Nearly every website wants to place a cookie on your computer. But some websites you return to often, and some other websites you visit once and forget about them.
If you don't take control of your cookies, you can easily end up with thousands of them taking gigs of your disk space. And then there's privacy reasons.
To have this sustainably under control, you will have to address these two issues:
- Regularity. Cookies need to be cleared regularly. A good way to automate this would be having your browser delete all cookies on exit, so every time you restart your browser or shut down your computer.

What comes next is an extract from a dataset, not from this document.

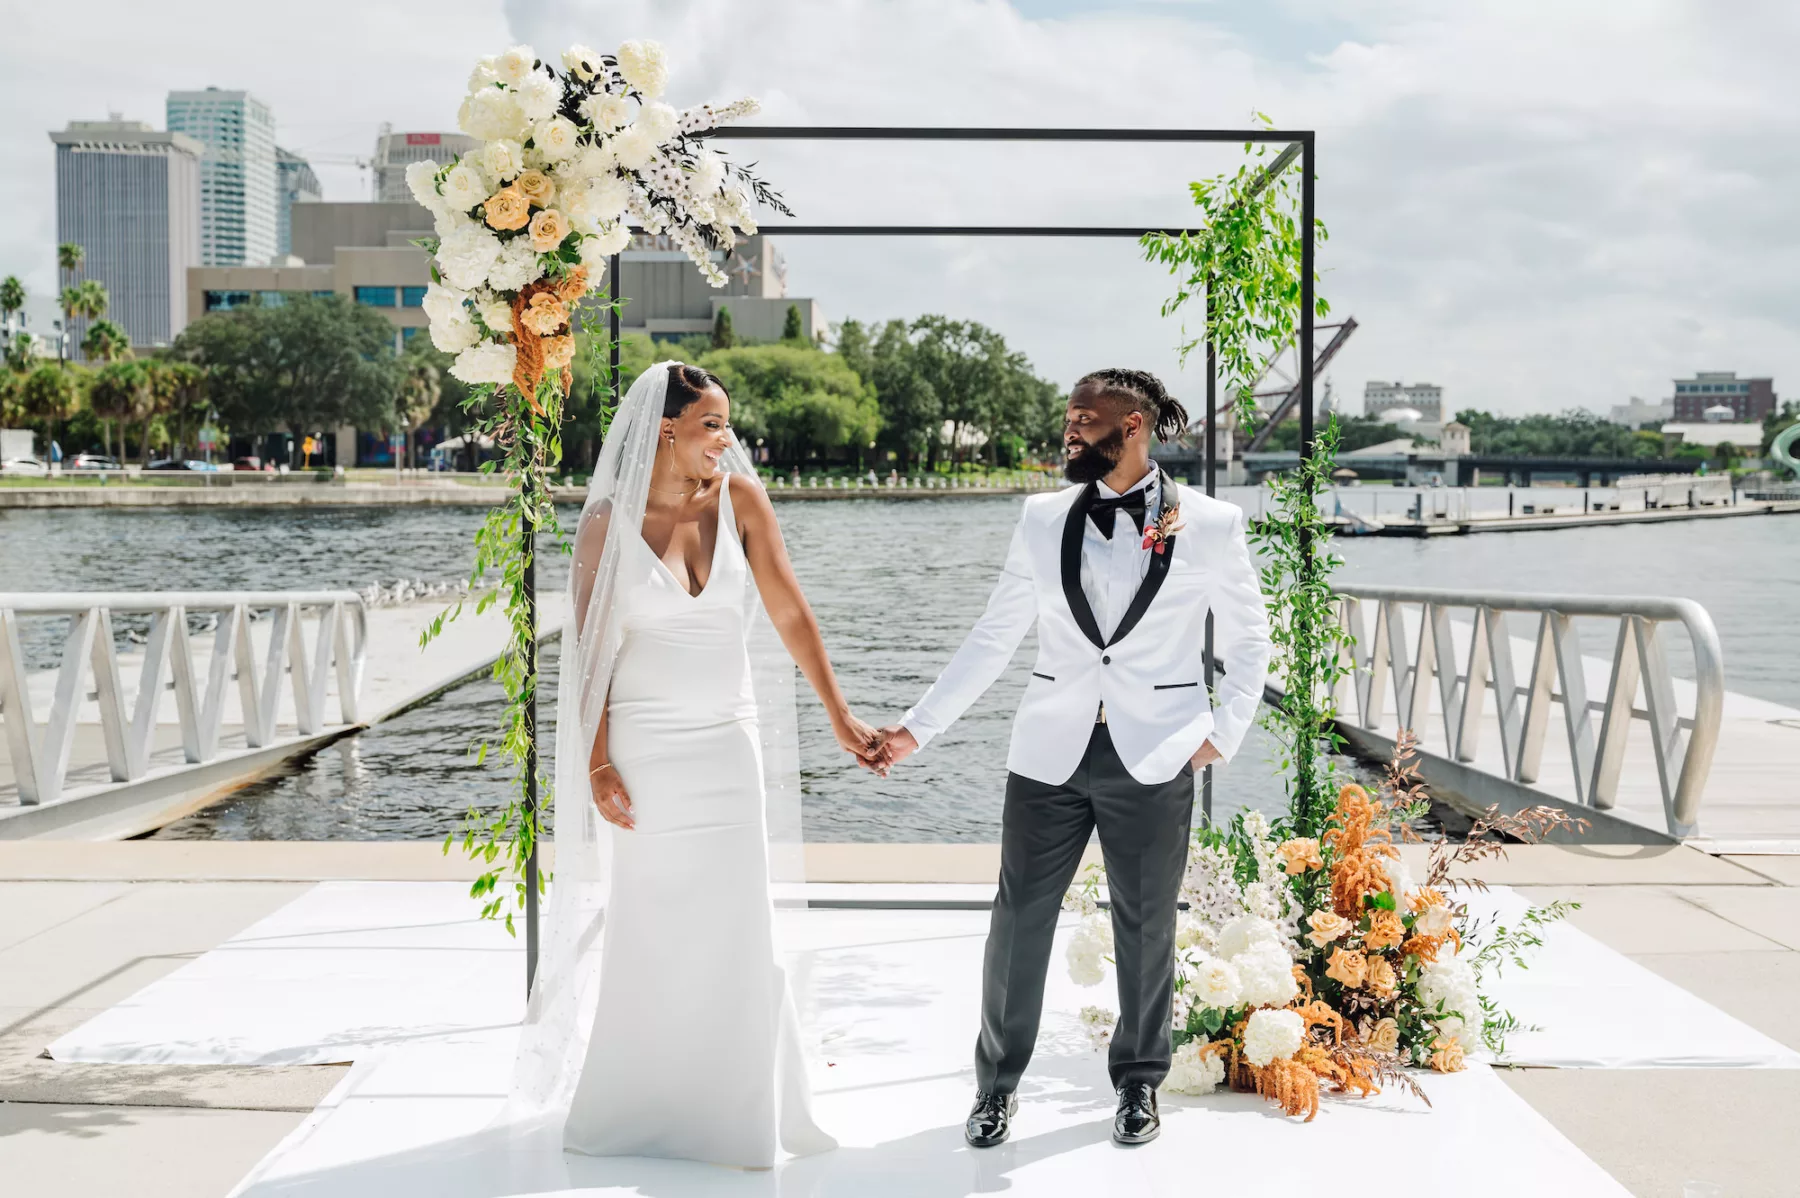 Bride and Groom Just Married Waterfront Wedding Portrait | Venue Tampa River Center
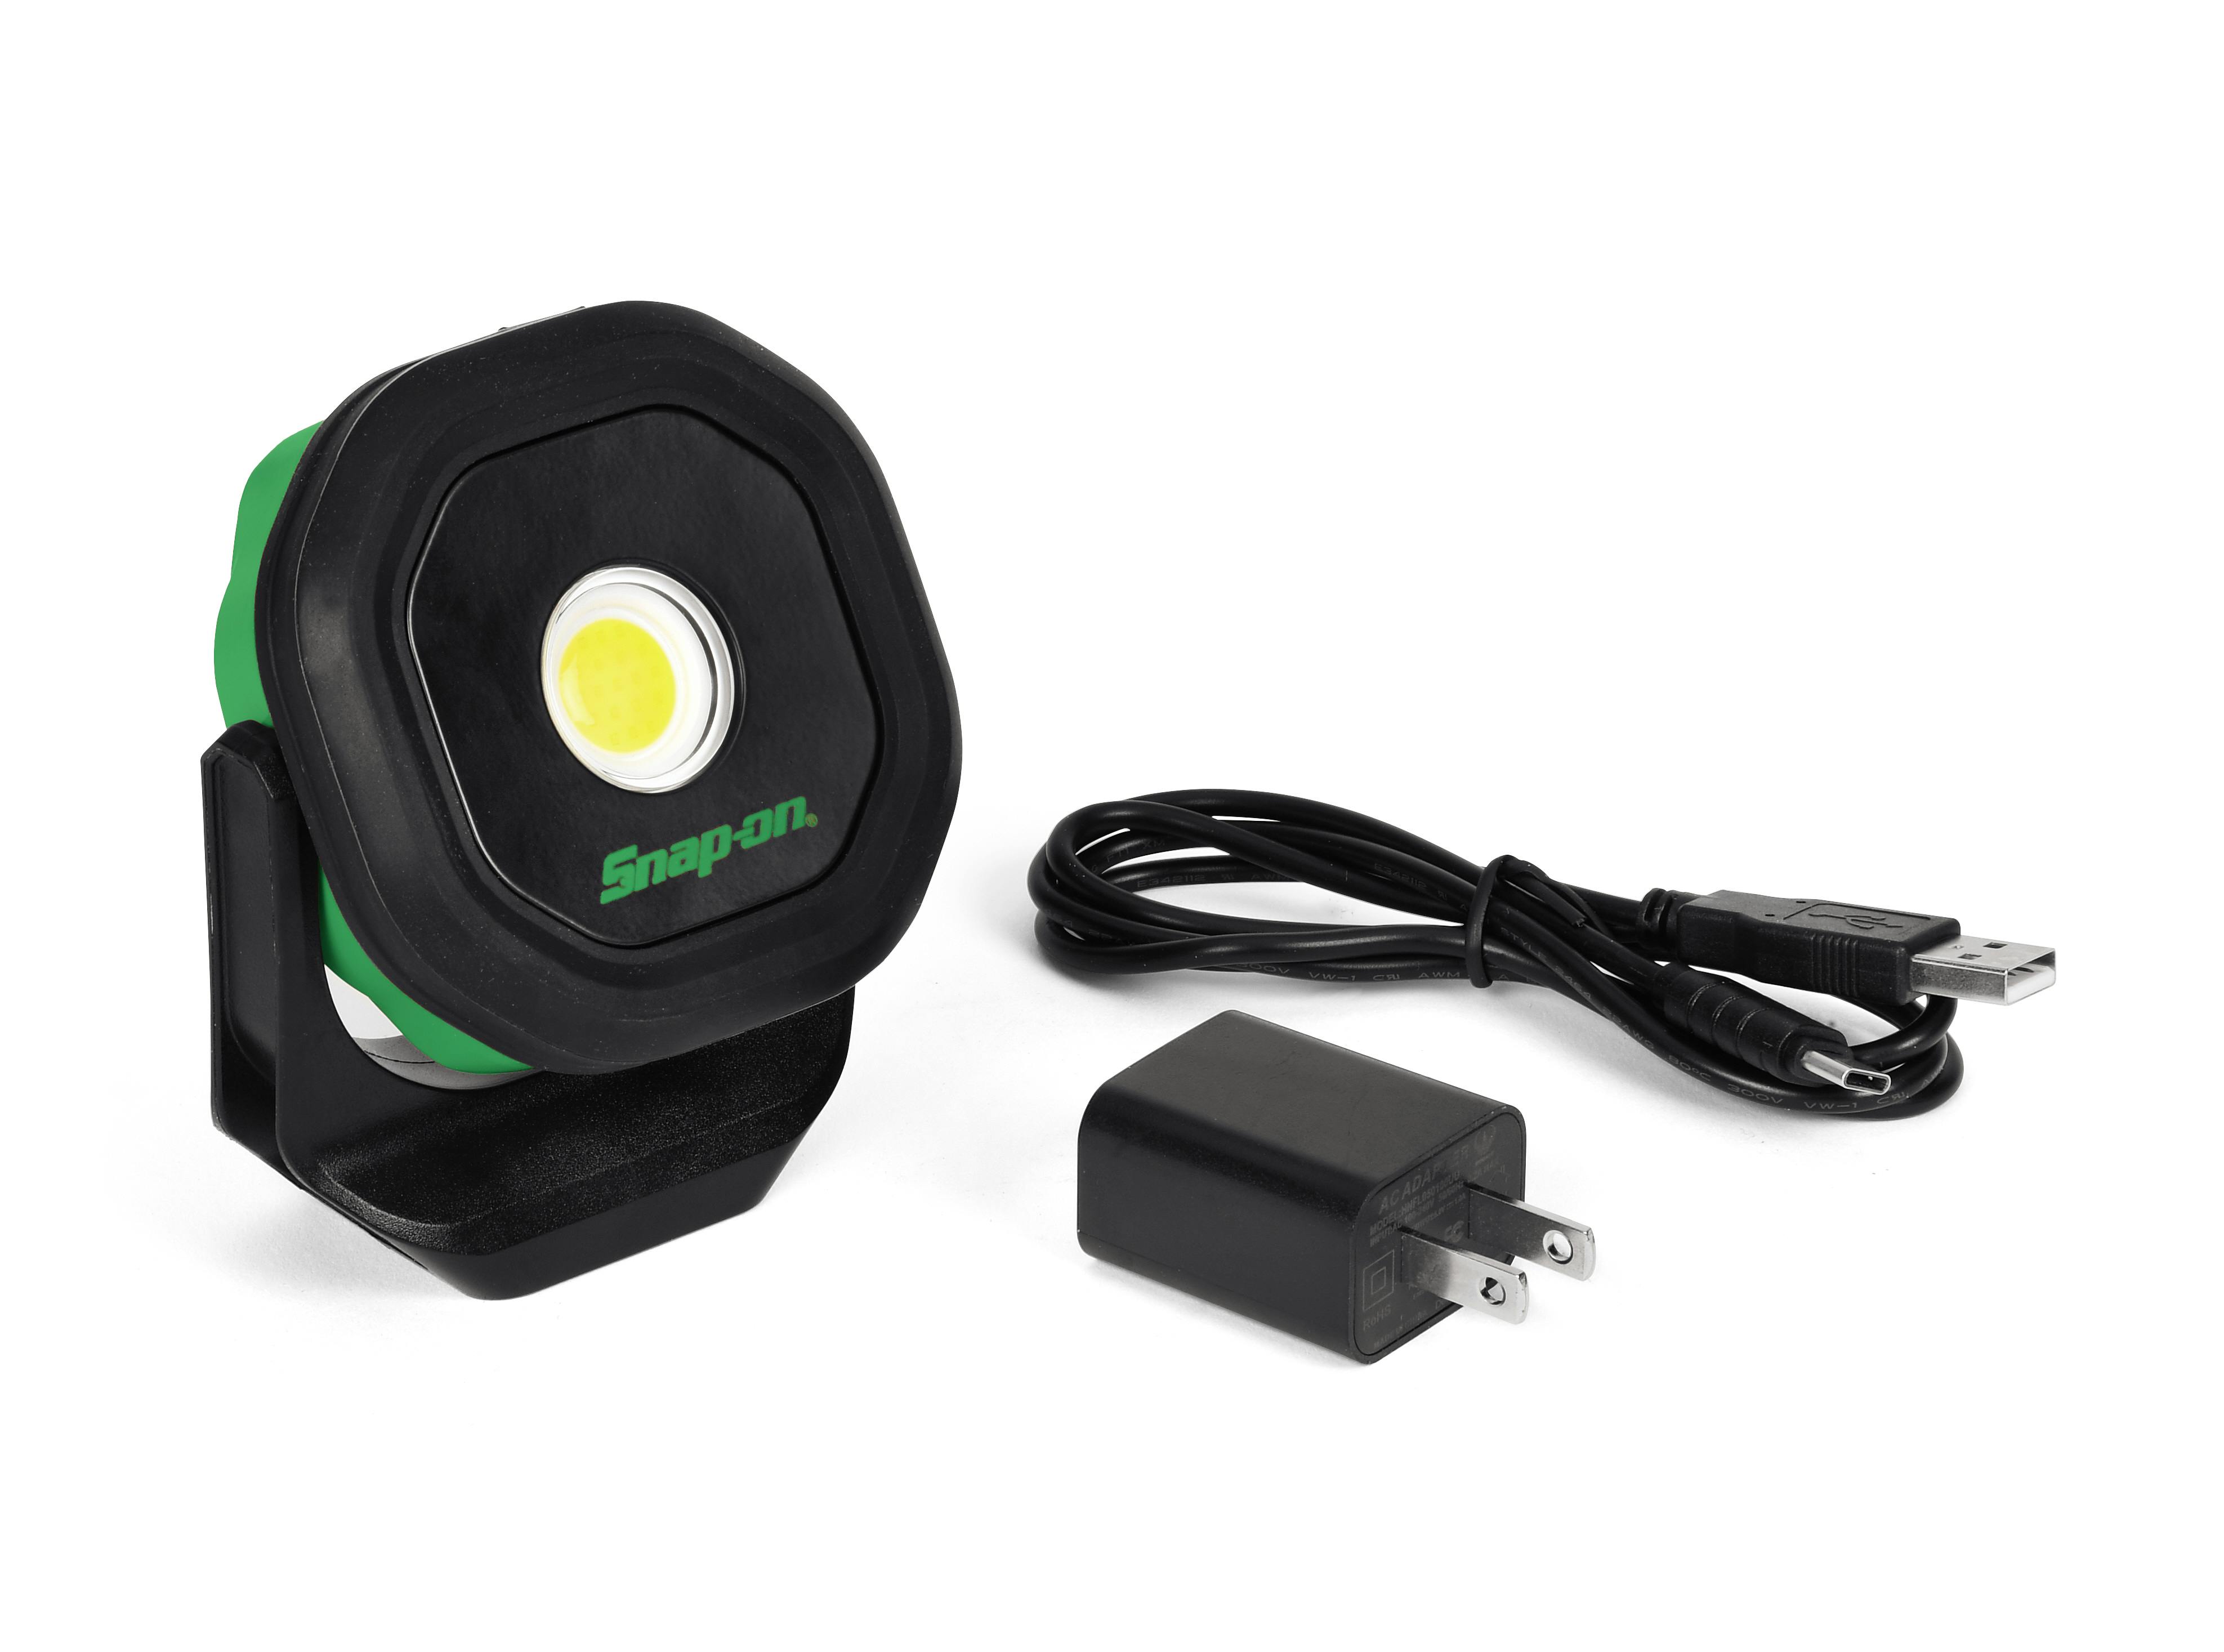 Green Snap-on 400 lumen Rechargeable Project Light

- Convenience. If you delete all cookies, you will get signed out of the sites you do use. Since more and more websites require two-factor authentication with all kinds of cross-device confirmation prompts, and this creates inconvenience, or even risks of being locked out of a site you need now at the worst possible time. So you will have to create exceptions, thus making sure cookies from the sites you trust and/or need often won't get cleared.
Firefox
Go to Settings → Privacy & Security → Cookies and Site Data. Once there,
- Under Manage Data, delete data from the sites you don't need anymore – or simply from all sites.
- Under Manage Exceptions, manually add an exception for every site data from which you want to keep.
Chrome
The old option to Clear cookies and site data when you quit chrome has been moved and buried deep in Settings → Privacy and security → Site settings → Additional content settings → On-device site data. Alternatively, type chrome://settings/content/siteData
into address bar. Once there,
- Set Chrome to delete everything when you close it by choosing:
Delete data sites that have been saved to your device when you close all windows Sites will probably work as you expect but won't remember you after you close all Chrome windows
- Manually add the websites you need often under Allowed to save data on your device using the format
[*.]example.com
to account for the possible subdomains
As a result, you get the best of both worlds: the garbage is cleared, while your required cookies are kept.